Translate, redact and analyze streaming data using SQL functions with Amazon Kinesis Data Analytics, Amazon Translate, and Amazon Comprehend
You may have applications that generate streaming data that is full of records containing customer case notes, product reviews, and social media messages, in many languages. Your task is to identify the products that people are talking about, determine if they’re expressing positive or negative sentiment, translate their comments into a common language, and create enriched copies of the data for your business analysts. Additionally, you need to remove any personally identifiable information (PII), such as names, addresses, and credit card numbers.
You already know how to ingest streaming data into Amazon Kinesis Data Streams for sustained high-throughput workloads. Now you can also use Amazon Kinesis Data Analytics Studio powered by Apache Zeppelin and Apache Flink to interactively analyze, translate, and redact text fields, thanks to Amazon Translate and Amazon Comprehend via user-defined functions (UDFs). Amazon Comprehend is a natural language processing (NLP) service that makes it easy to uncover insights from text. Amazon Translate is a neural machine translation service that delivers fast, high-quality, affordable, and customizable language translation.
In this post, we show you how to use these services to perform the following actions:
Detect the prevailing sentiment (positive, negative, neither, or both)
Detect the dominant language
Translate into your preferred language
Detect and redact entities (such as items, places, or quantities)
Detect and redact PII entities
We discuss how to set up UDFs in Kinesis Data Analytics Studio, the available functions, and how they work.
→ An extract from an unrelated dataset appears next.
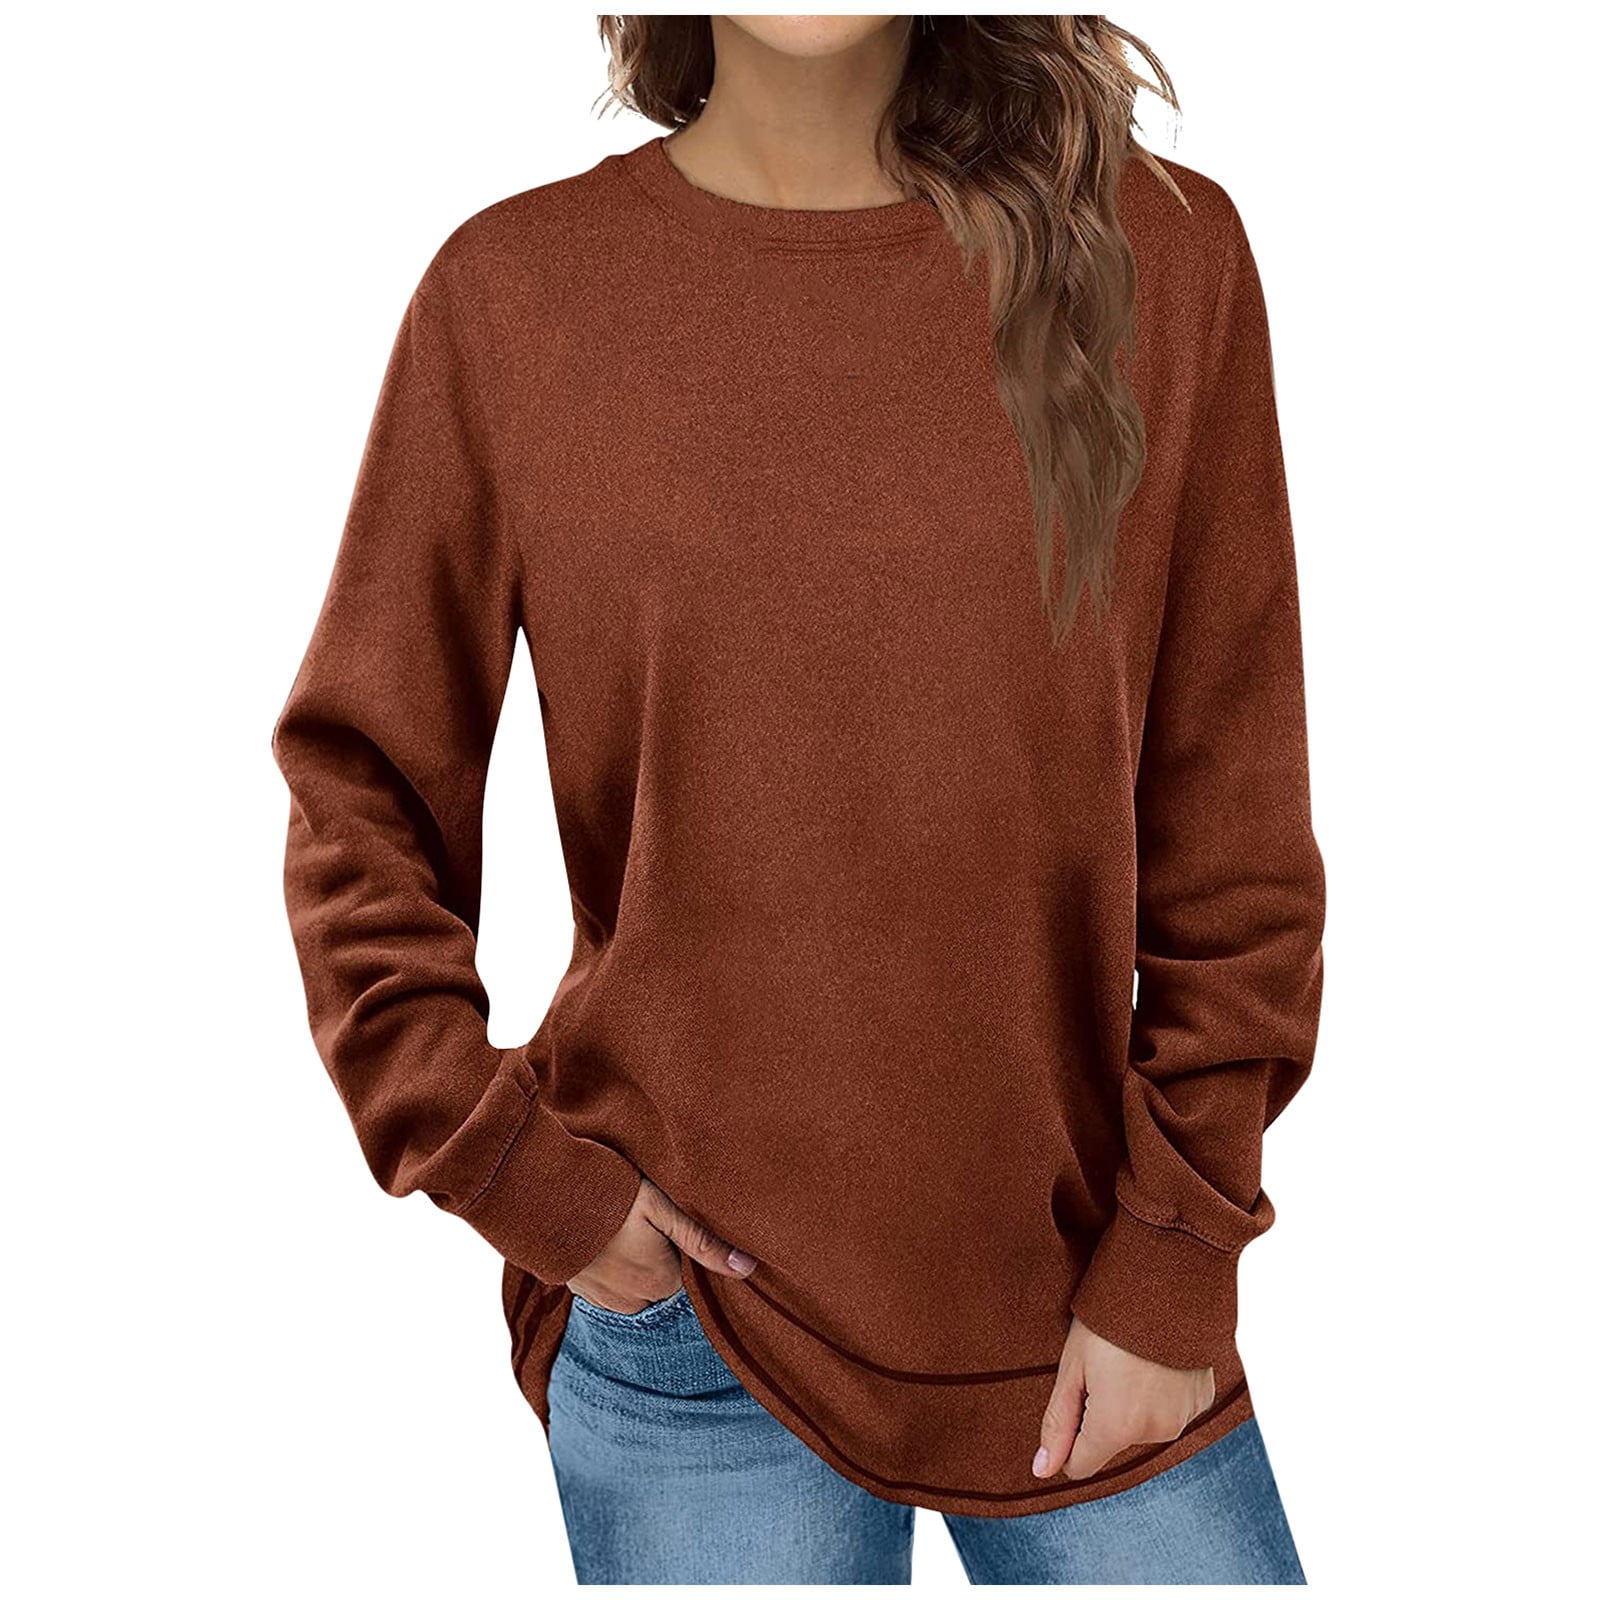 Sweatshirts for Women Casual Crewneck Long Sleeve Solid Color Shirts Soft  Lightweight Tunic Loose Tops for Leggings

We also provide a tutorial in which we perform text analytics on the Amazon Customer Reviews dataset.
The appendix at the end of this post provides a quick walkthrough of the solution capabilities.
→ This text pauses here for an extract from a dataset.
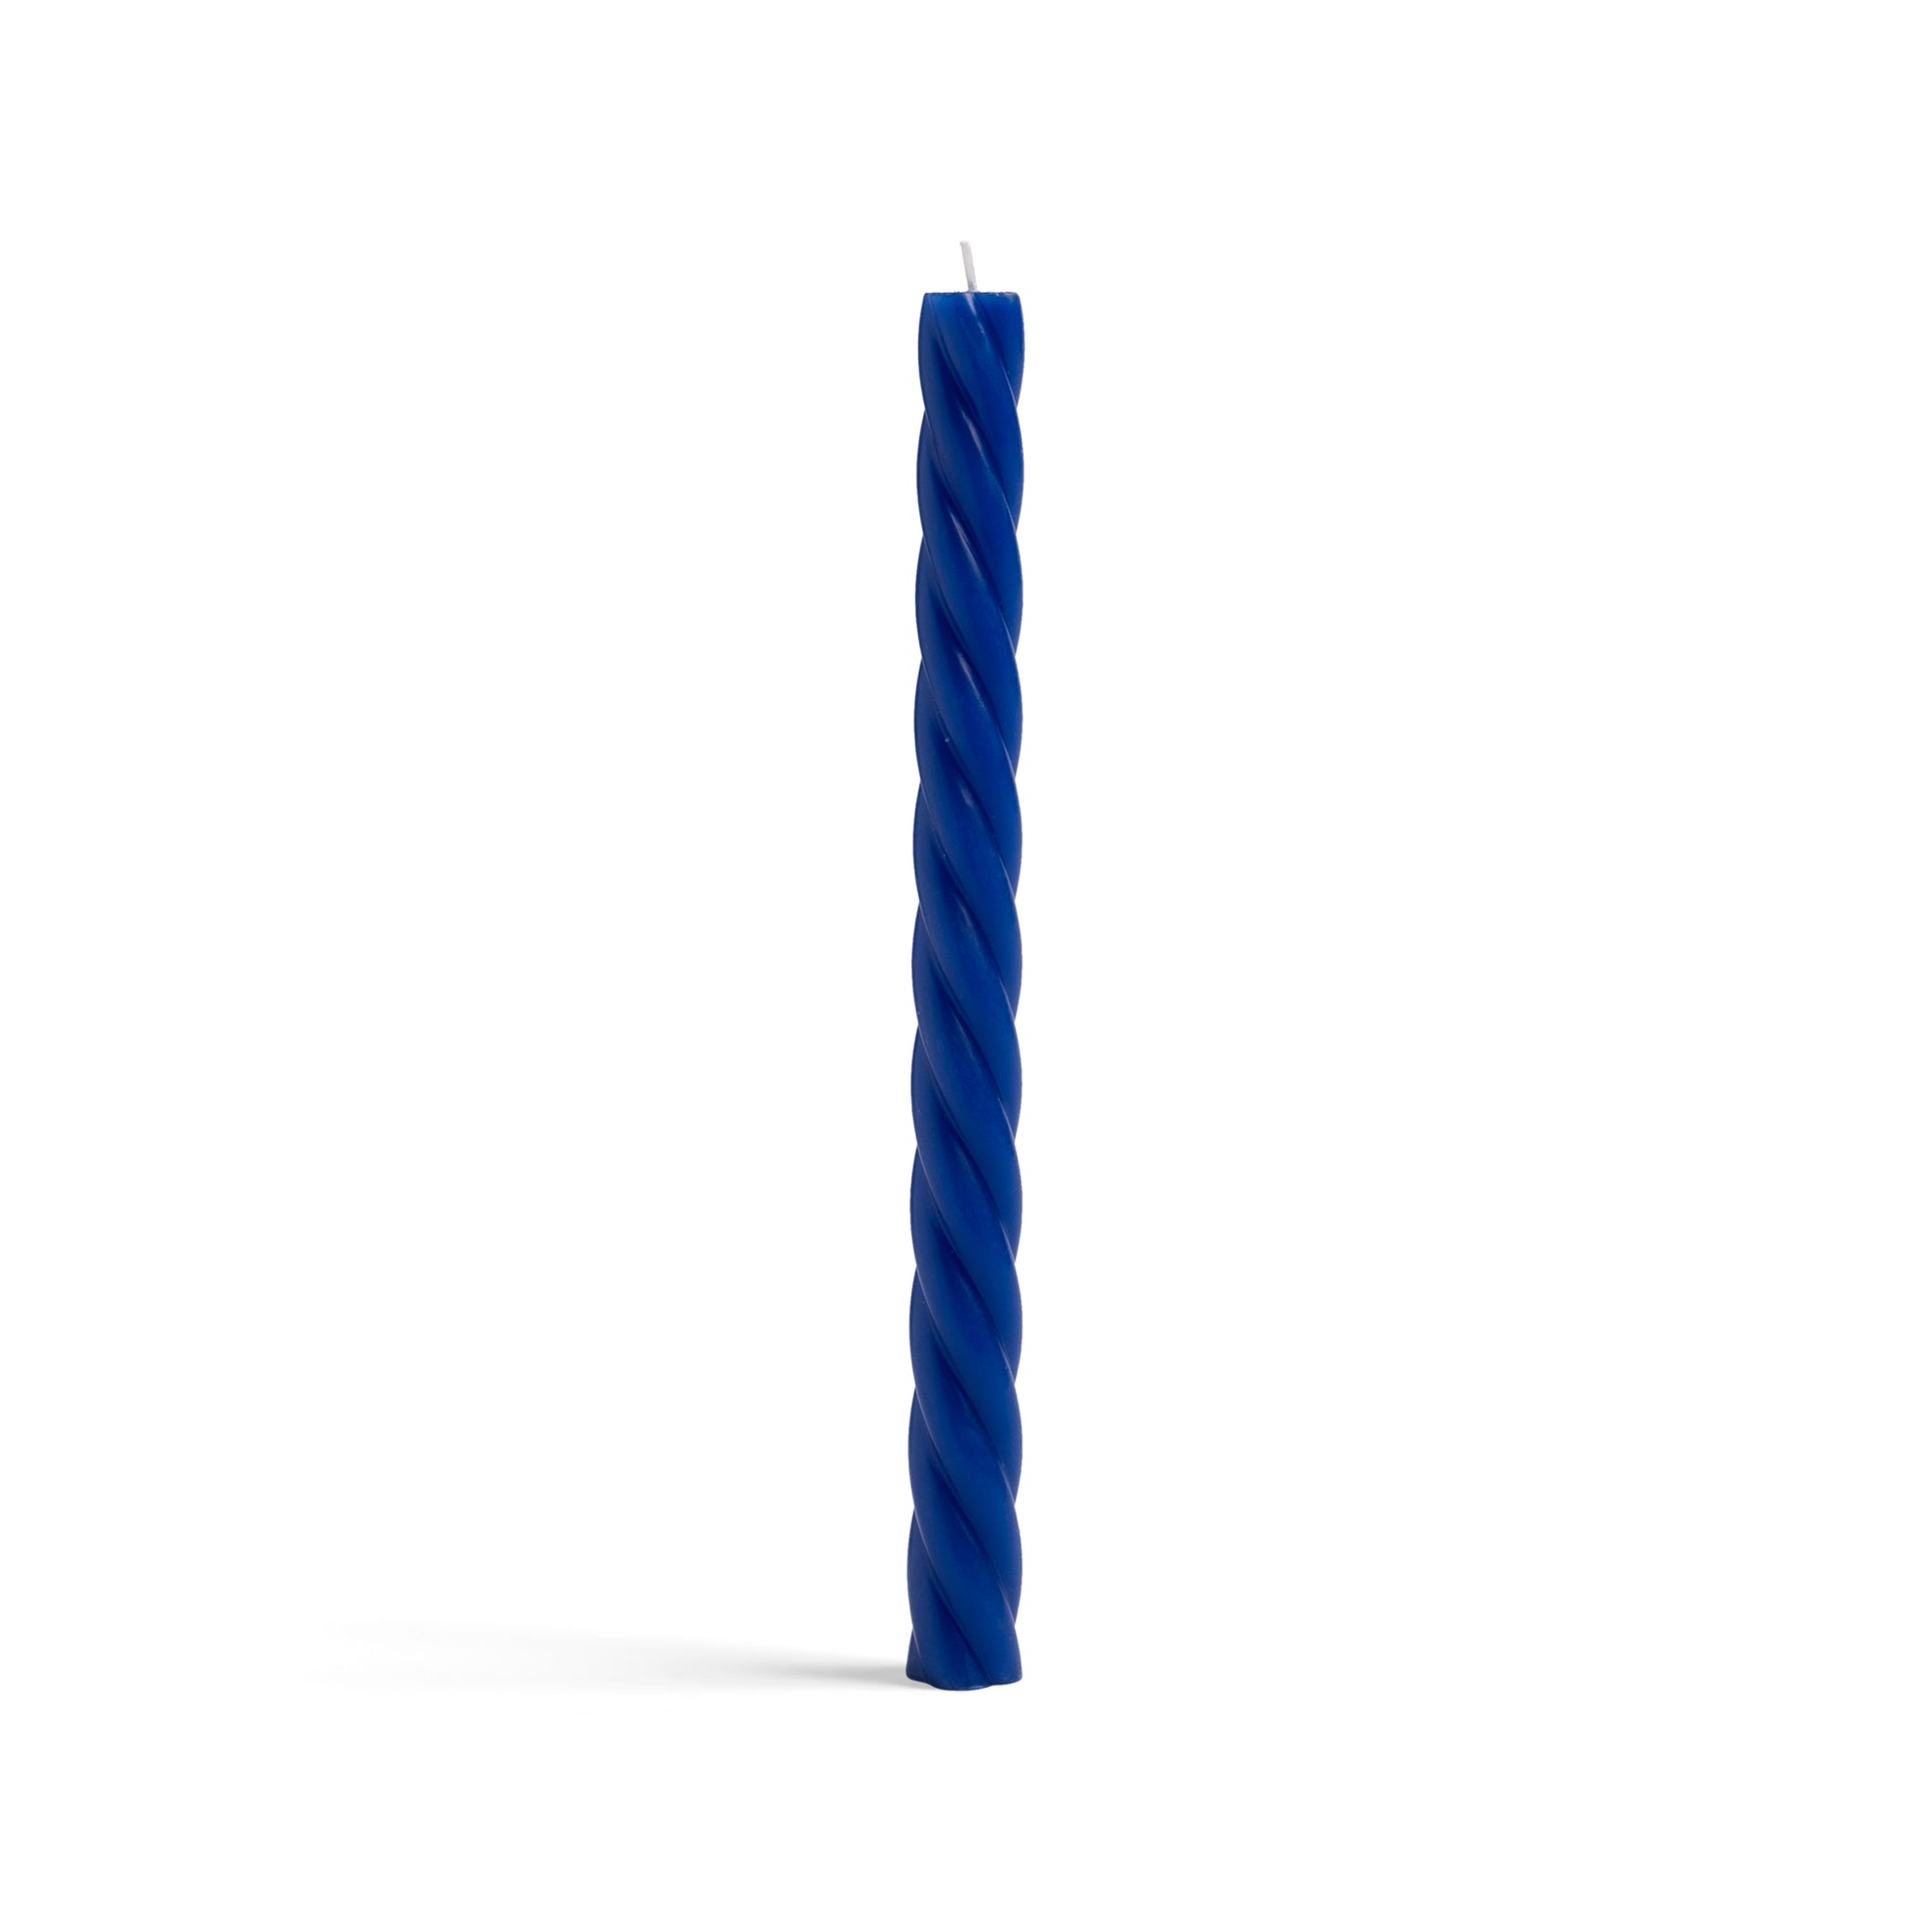 &k | MARSHMALLOW CANDLE - NAVY

We set up an end-to-end streaming analytics environment, where a Kinesis data stream is ingested with a trimmed-down version of the Amazon Customer Reviews dataset and consumed by a Kinesis Data Analytics Studio notebook powered by Apache Zeppelin. A UDF is attached to the entire notebook instance, which allows the notebook to trigger Amazon Comprehend and Amazon Translate APIs using the payload from the Kinesis data stream. The following diagram illustrates the solution architecture.
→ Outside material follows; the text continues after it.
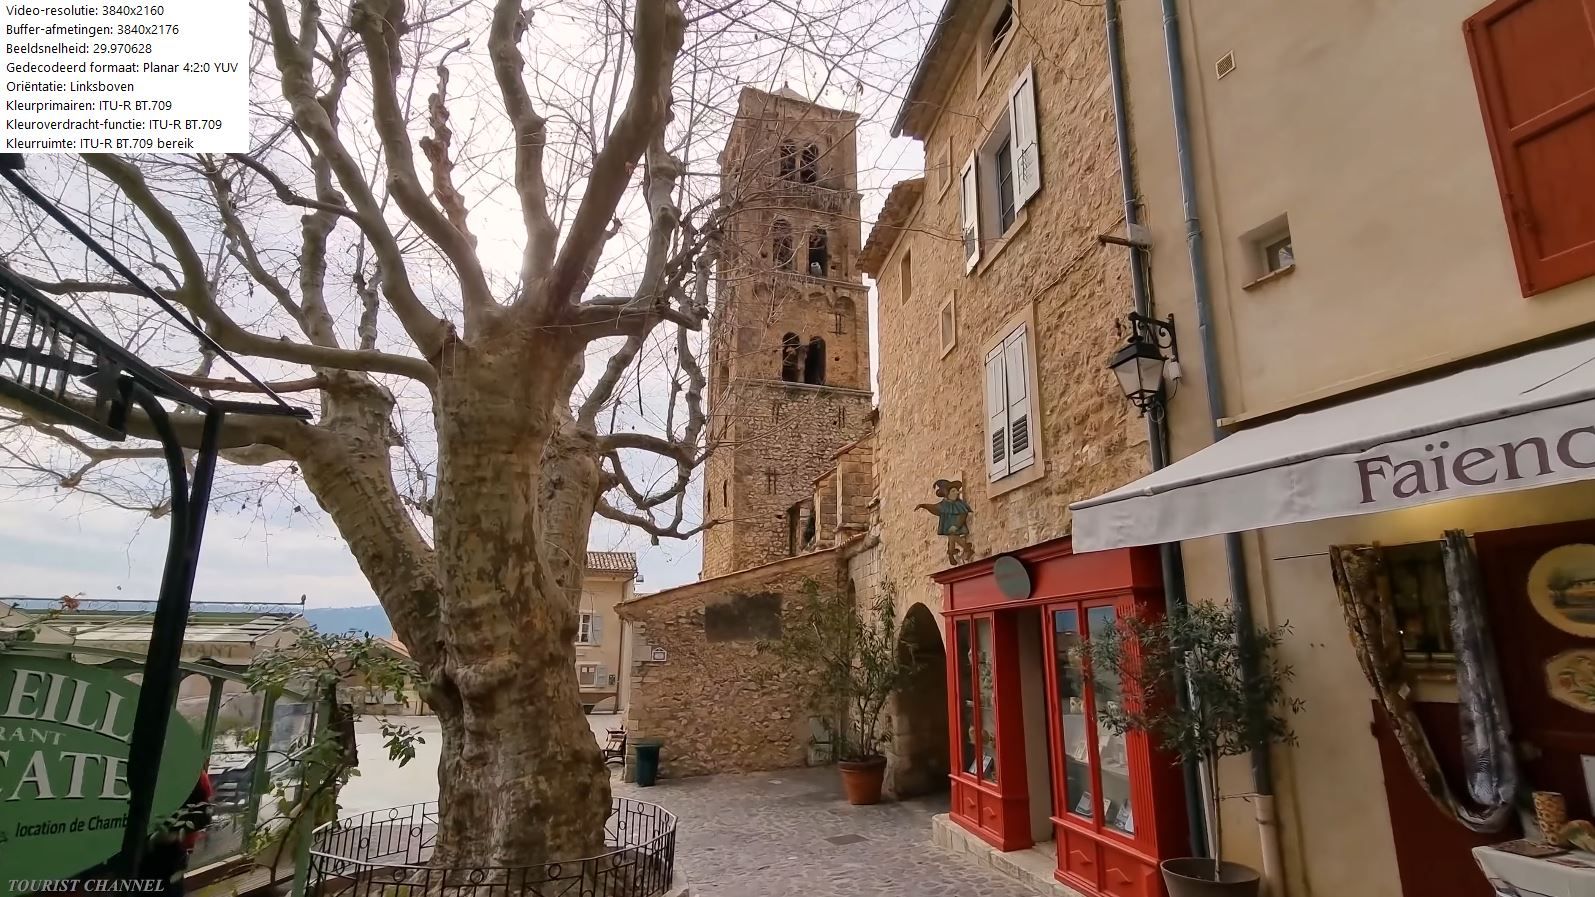 Moustiers-Sainte-Marie - The Most Beautiful Village in France - Character Provencal Village 4k

The response from the UDF is used to enrich the payloads from the data stream, which are then stored in an Amazon Simple Storage Service (Amazon S3) bucket. Schema and related metadata are stored in a dedicated AWS Glue Data Catalog. After the results in S3 bucket meet your expectations, the Studio notebook instance is deployed as a Kinesis Data Analytics application for continuous streaming analytics.
How the UDF works
The Java class TextAnalyticsUDF implements the core logic for each of our UDFs. This class extends ScalarFunction to allow invocation from Kinesis Data Analytics for Flink on a per-record basis. The required eval method is then overloaded to receive input records, the identifier for the use case to perform, and other supporting metadata for the use case. A switch case within the eval methods then maps the input record to a corresponding public method. Within these public methods, use case-specific API calls of Amazon Comprehend and Amazon Translate are triggered, for example DetectSentiment, DetectDominantLanguage, and TranslateText.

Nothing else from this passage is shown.